The remainder of this study was organized with five sections as follows. Section-2 outlines with the literature survey, Section-3 includes the proposed Dual deep neural network, Section-4 comprises with results and discussion and finally Section-5 encloses with conclusion and future enhancement.
Literature survey
In recent days several deep learning and machine learning techniques were introduced by the researchers mainly to progress the accuracy for recommending movies. Some of those techniques are studied briefly in this section.
In 2022 Chen.X., et al., [3] devised an ensemble framework based on the analytic network process (ANP) and fuzzy comprehensive evaluation model for calculating the impact of the Arctic oil spill. The fuzzy comprehensive evaluation model was used to quantify the various factors and determine the level of risk associated with an oil spill. According to experiment results, this framework accurately quantified the influence of an oil spilling event in Arctic area, and thus the level of potential risk was accurately determined.
In 2021 Widiyaningtyas, et al., [4] had devised a User Profile Correlation-based Similarity (UPCSim) that analyze the genre data and the user profile data. Each user data was utilized to calculate the weights of similarity between the user rating values and the user behavioral values. To determine the weights of both similarities, correlation coefficients are used between user profile data and user ratings and behaviors. A reduction in MAE and RMSE of 1.4% makes this approach more accurate than the prior algorithm.
In 2021 Sujithra., et al., [5] had developed a hybrid method for recommending movies to the target user that takes into account both recent purchases and demographic information. The demographic characteristics help with the cold start issue. Based on the experimental results that the proposed approach was successful when more transaction data was taken into account along with higher ratings.

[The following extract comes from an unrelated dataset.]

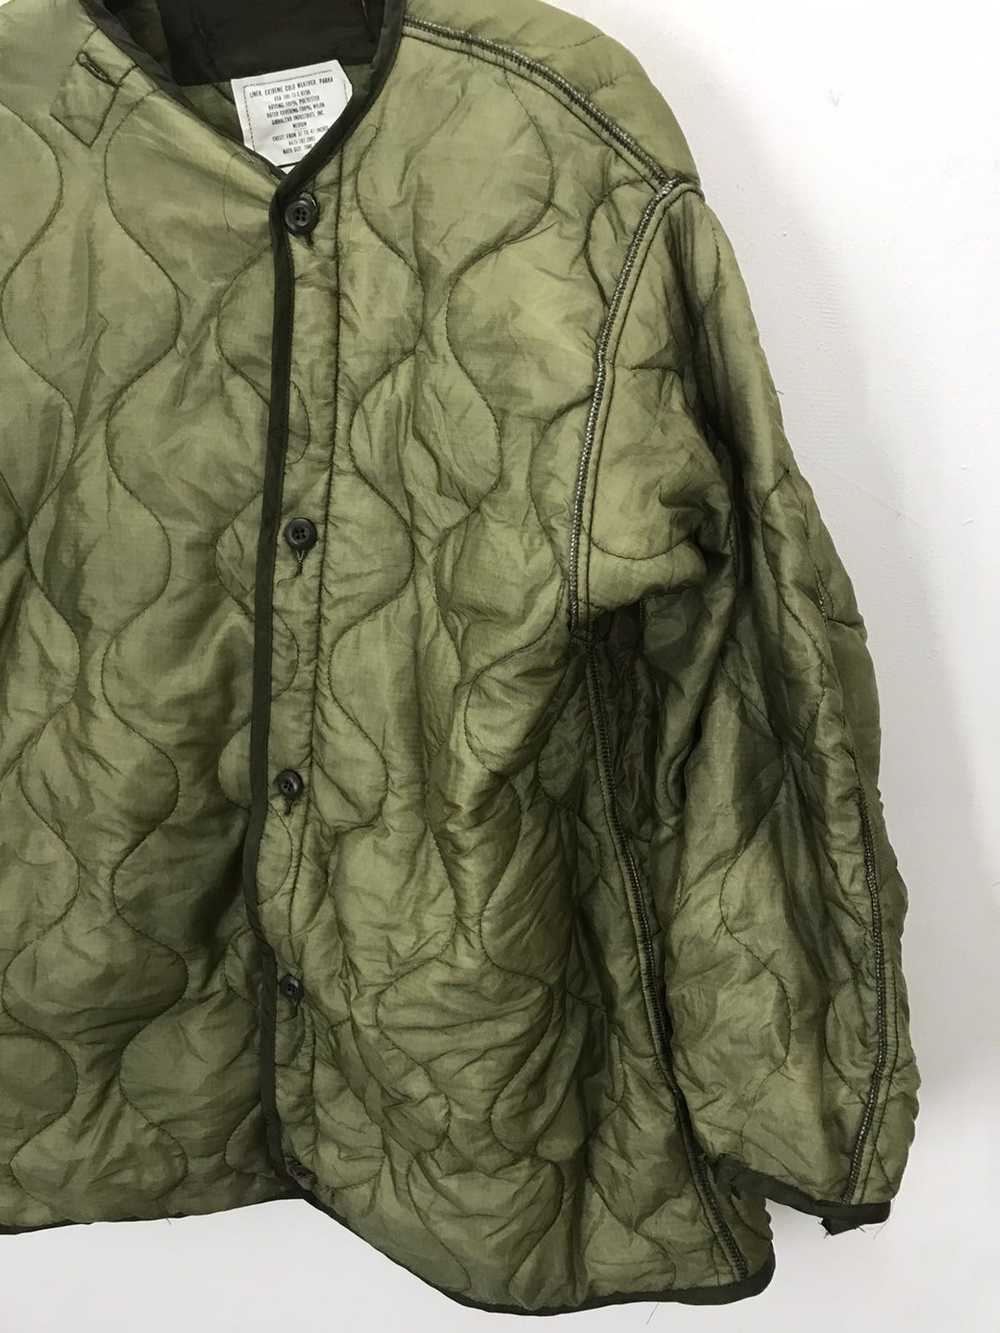 Military × Vintage Vintage Quilted lining inner m… - image 6

In 2021 Behera, et al., [6] had introduced a hybrid model for a constrained boltzmann machine and content K-nearest neighbors to propose movies. In order to capture both content-based filtering and collaborative filtering based on higher-order models, researchers developed a weighted hybrid approach based on content k-NN and RBM. The suggested method combines the impacts of both collaborative and content-based filtering with MovieLens benchmark datasets to suggest best films to the active users.

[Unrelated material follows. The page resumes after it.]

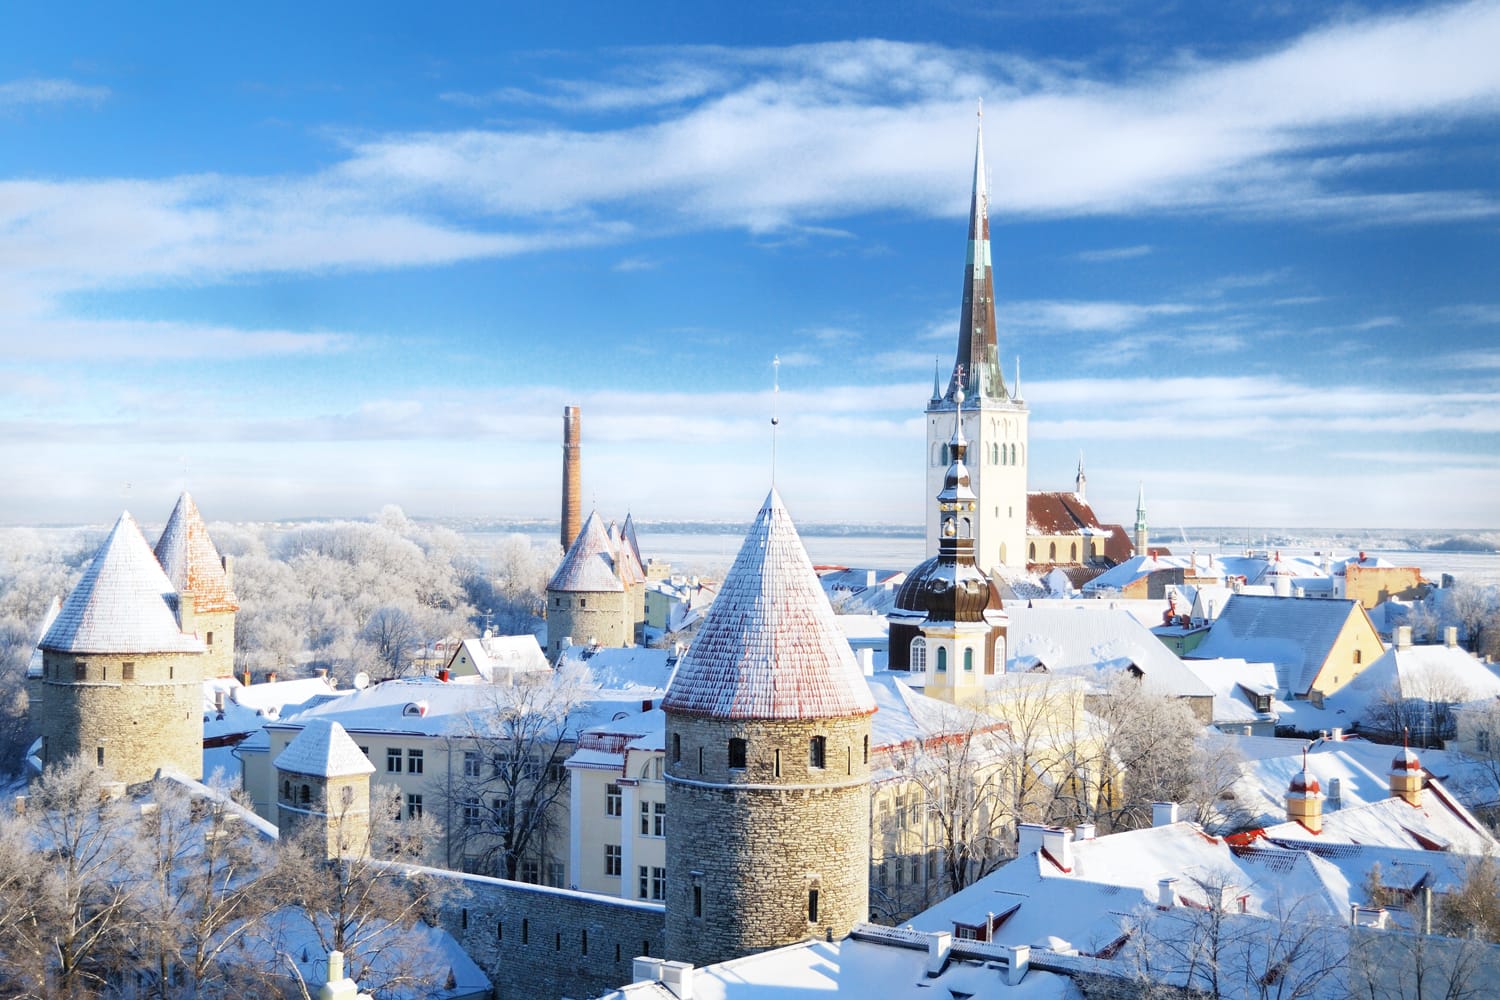 Panoramic view of old part of Tallin, Estonia in winter

In 2021 Lang, et al., [9] had proposed the field-aware factorization machine (FFM) to address the issue of movie rating prediction and assist users in choosing the right films for academic purposes. Clustering technique is also implemented in FFM for adding additional fields, which will further increase the availability of the technique. In order to address the sparseness of the input data, the clusters are used as a special field in the FFM approach. The experimental findings show that the suggested work has minimize RMSE value.
In 2021 Tahmasebi, et al., [10] had developed a social movie recommendation system using deep autoencoder network with information from Twitter. This hybrid approach, which may be easily expanded to other aspects of product-based recommendation system relies on deep autoencoder networks, content-based and collaborative filtering. In order to attain improved accuracy, MovieTweetings and the Open Movie Database (OMDB) were employed that minimizes sparsity and improves the amount of data needed.

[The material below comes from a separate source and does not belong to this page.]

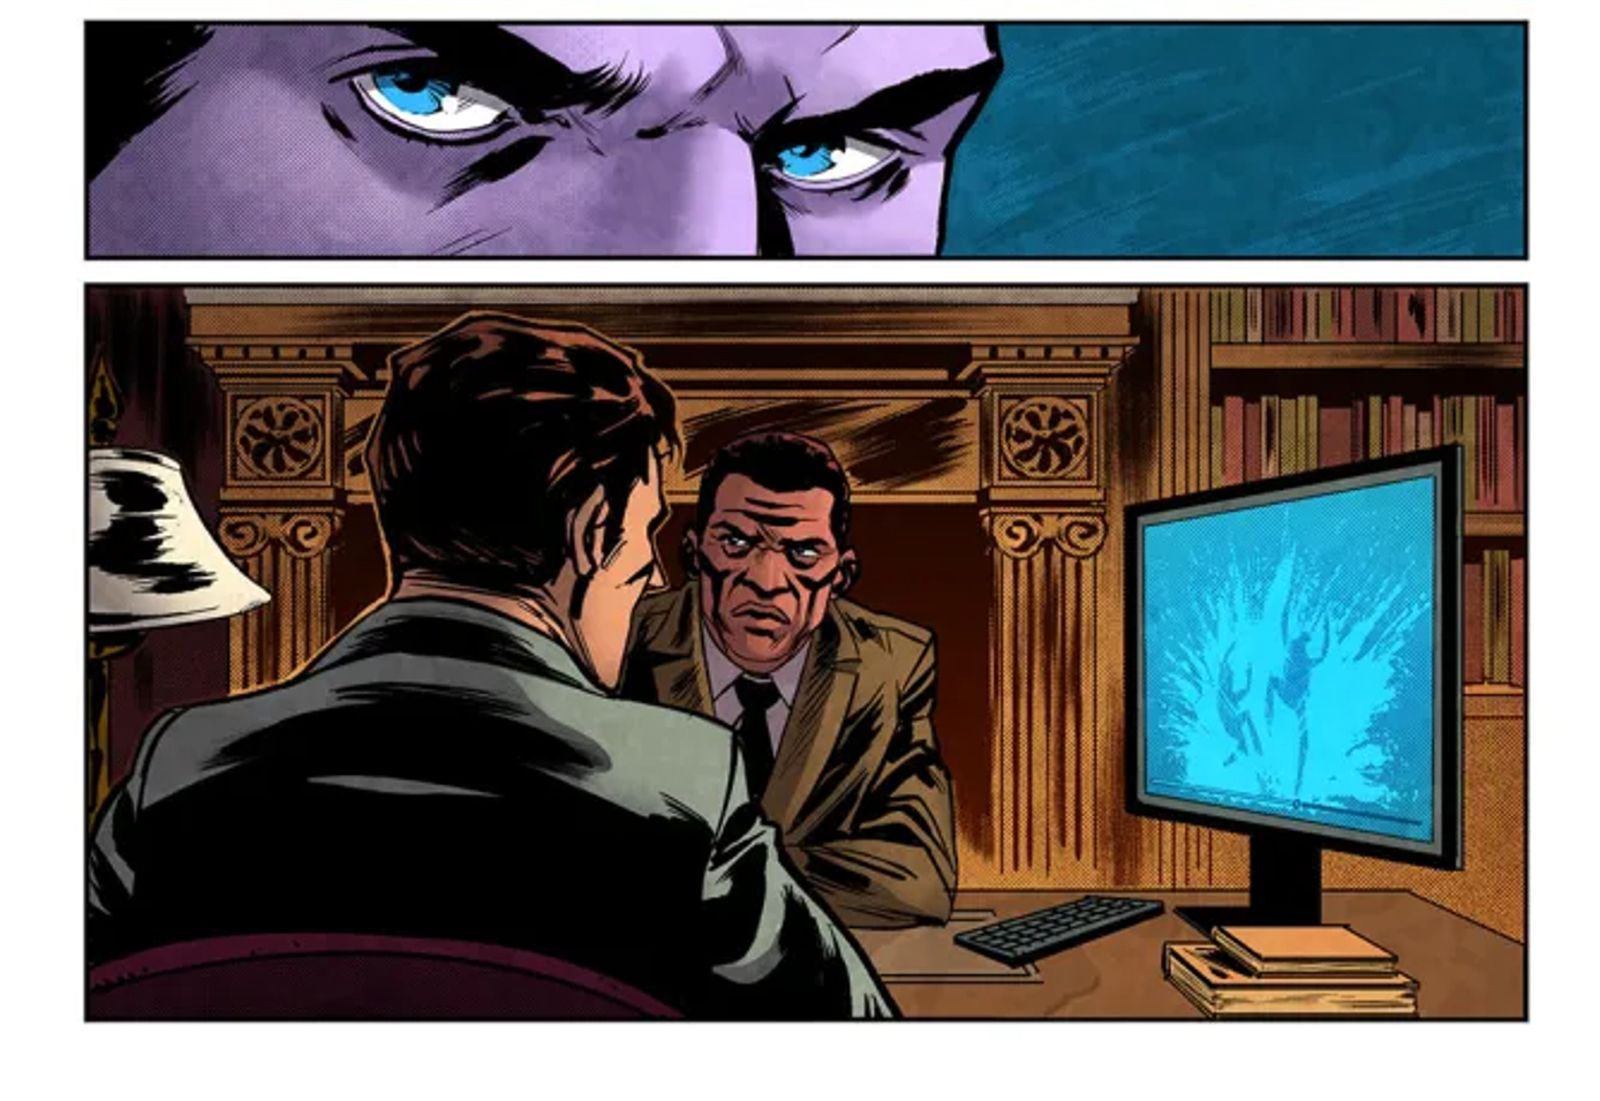 panels from Garth Ennis' new 007 series, featuring mysterious weapon

In 2021 Choudhury, et al., [11] had devised trust matrix measure, the combination of weighted trust propagation with user similarity. A non-cold user went through many algorithms with a trust filter, and a cold user produced the best possible score using their own preferences. To suggest the appropriate movie to the user, four different recommendation structures, including the BPNN model, SVD model, DNN, and DNN with Trust, were evaluated. In terms of accuracy, the DNN with trust model came out on top with 83% and a 0.74 MSE value.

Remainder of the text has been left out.